Information shown START

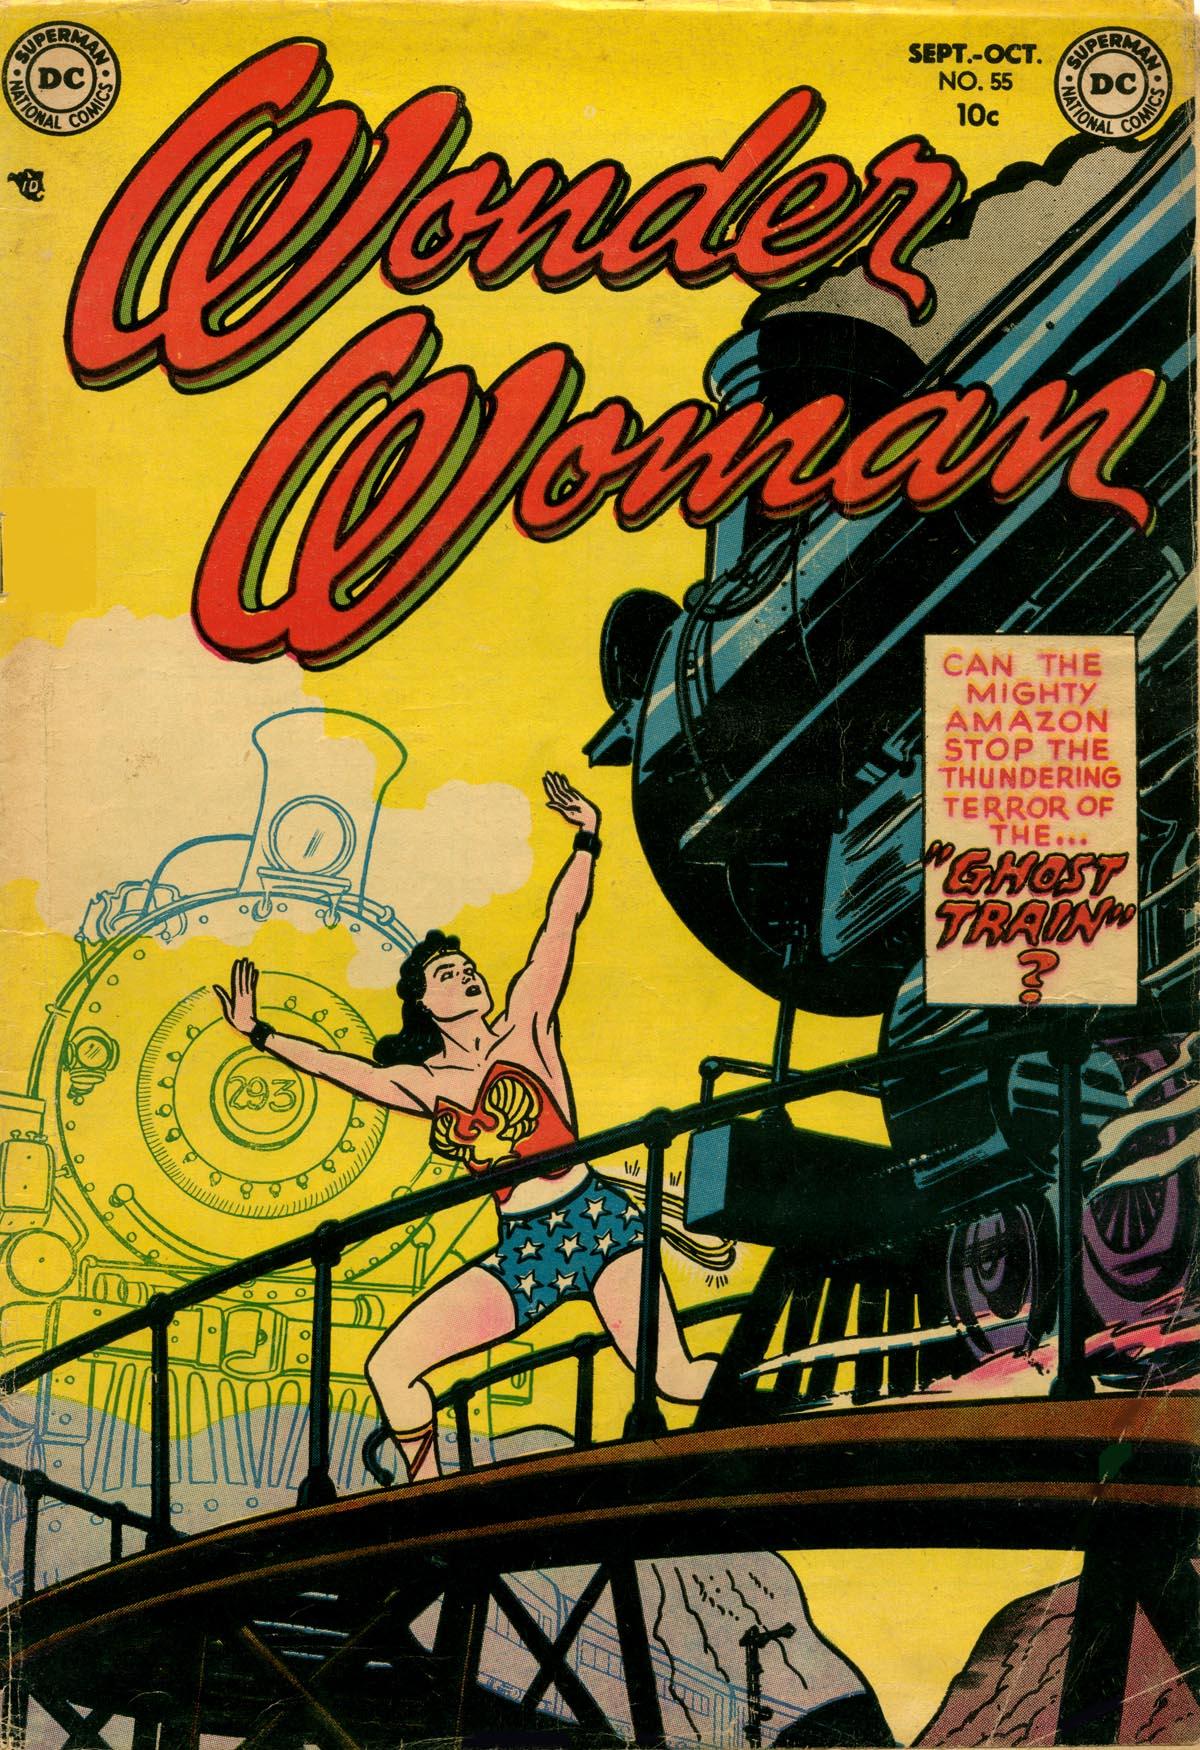 Read online Wonder Woman (1942) comic -  Issue #55 - 1
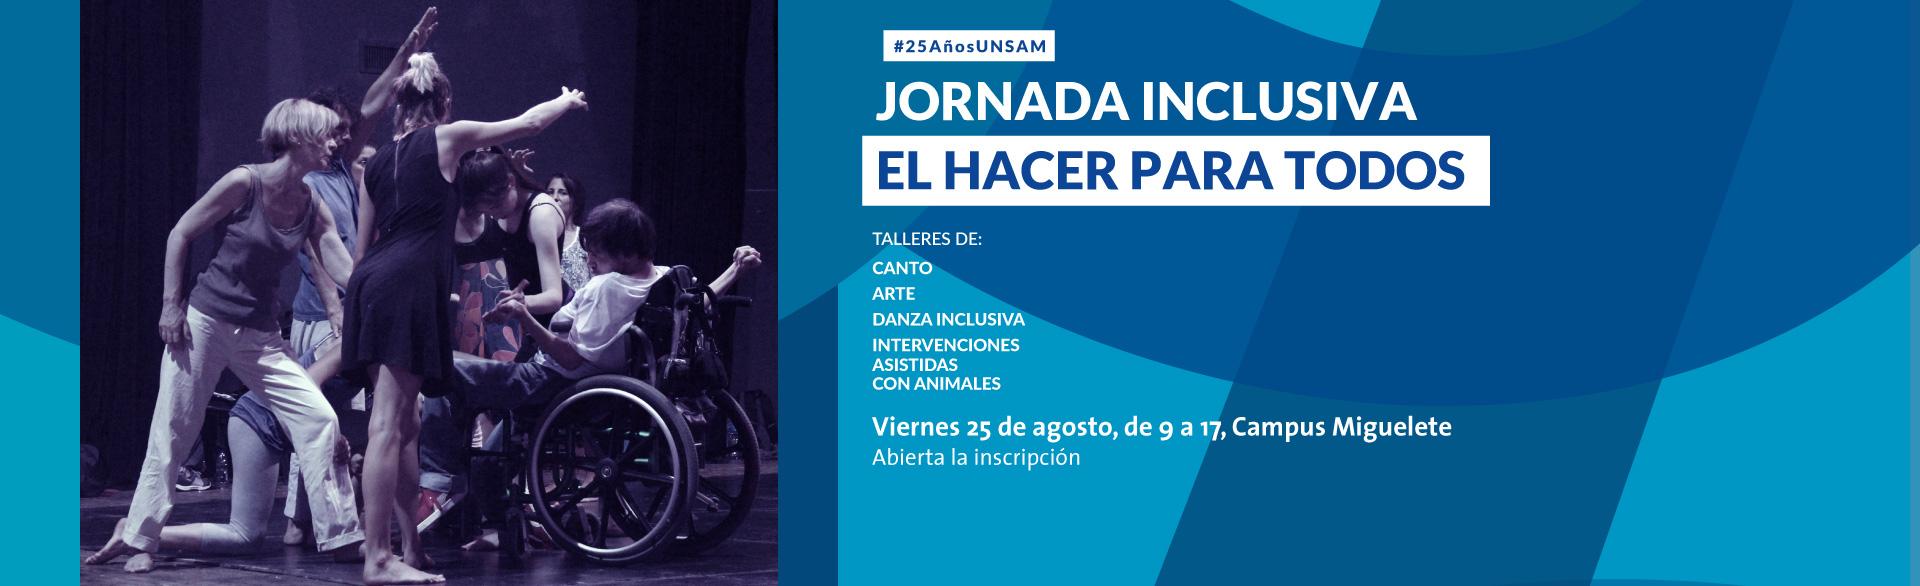 Jornada CAU:
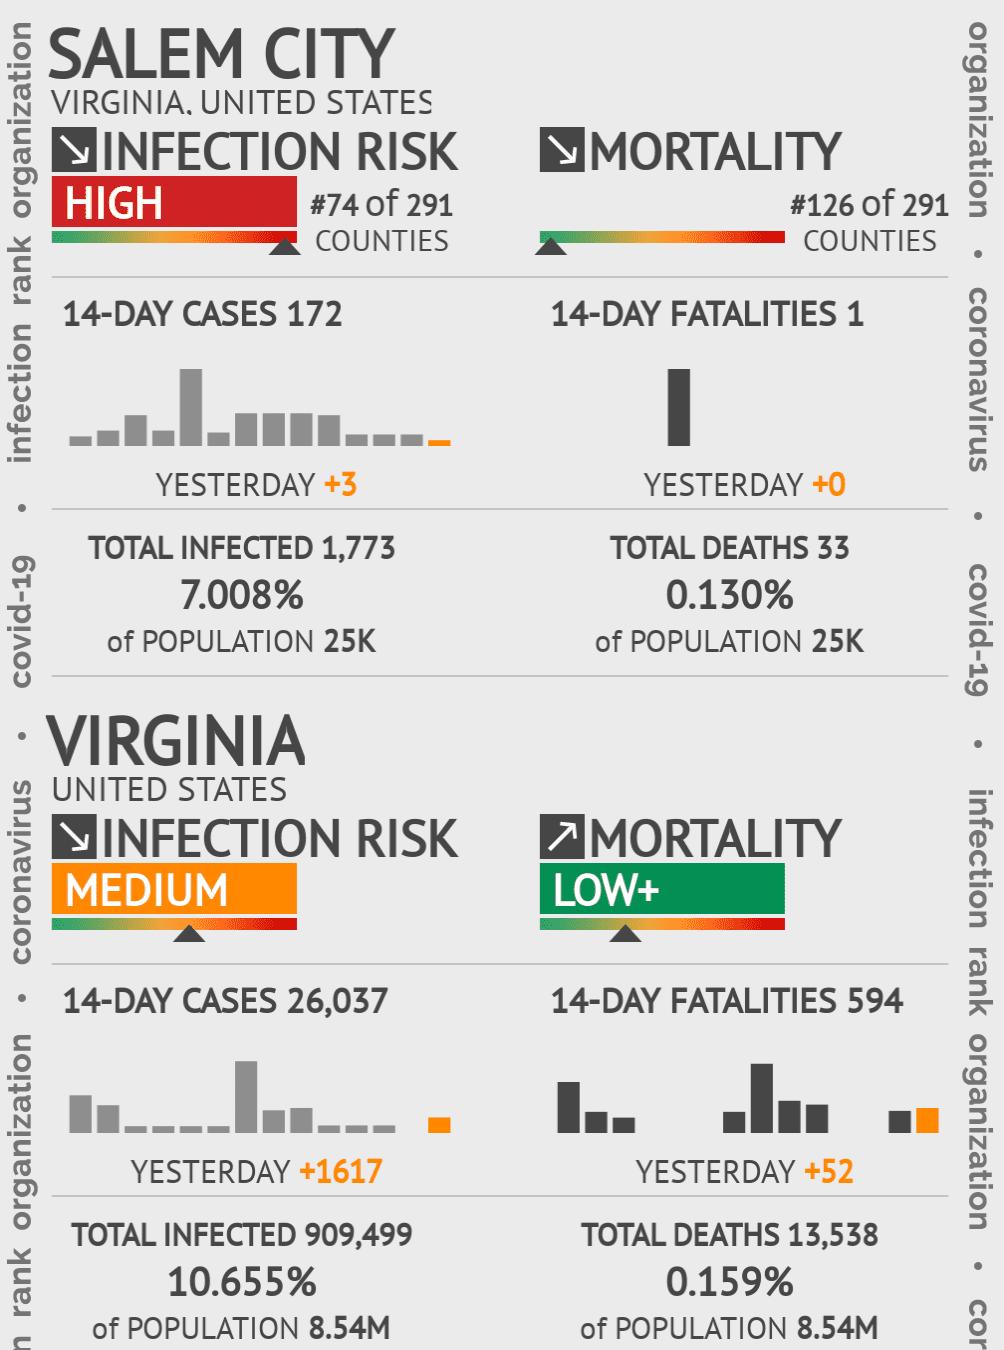 Salem City Coronavirus Covid-19 Risk of Infection on February 04, 2021

Information shown END

#### [Problem to work on]
Transcribe the listing in full and omit the pictures.

#### [Response area]
 Read online Wonder Woman (1942) comic -  Issue #55 - 1
 Jornada CAU:
 Salem City Coronavirus Covid-19 Risk of Infection on February 04, 2021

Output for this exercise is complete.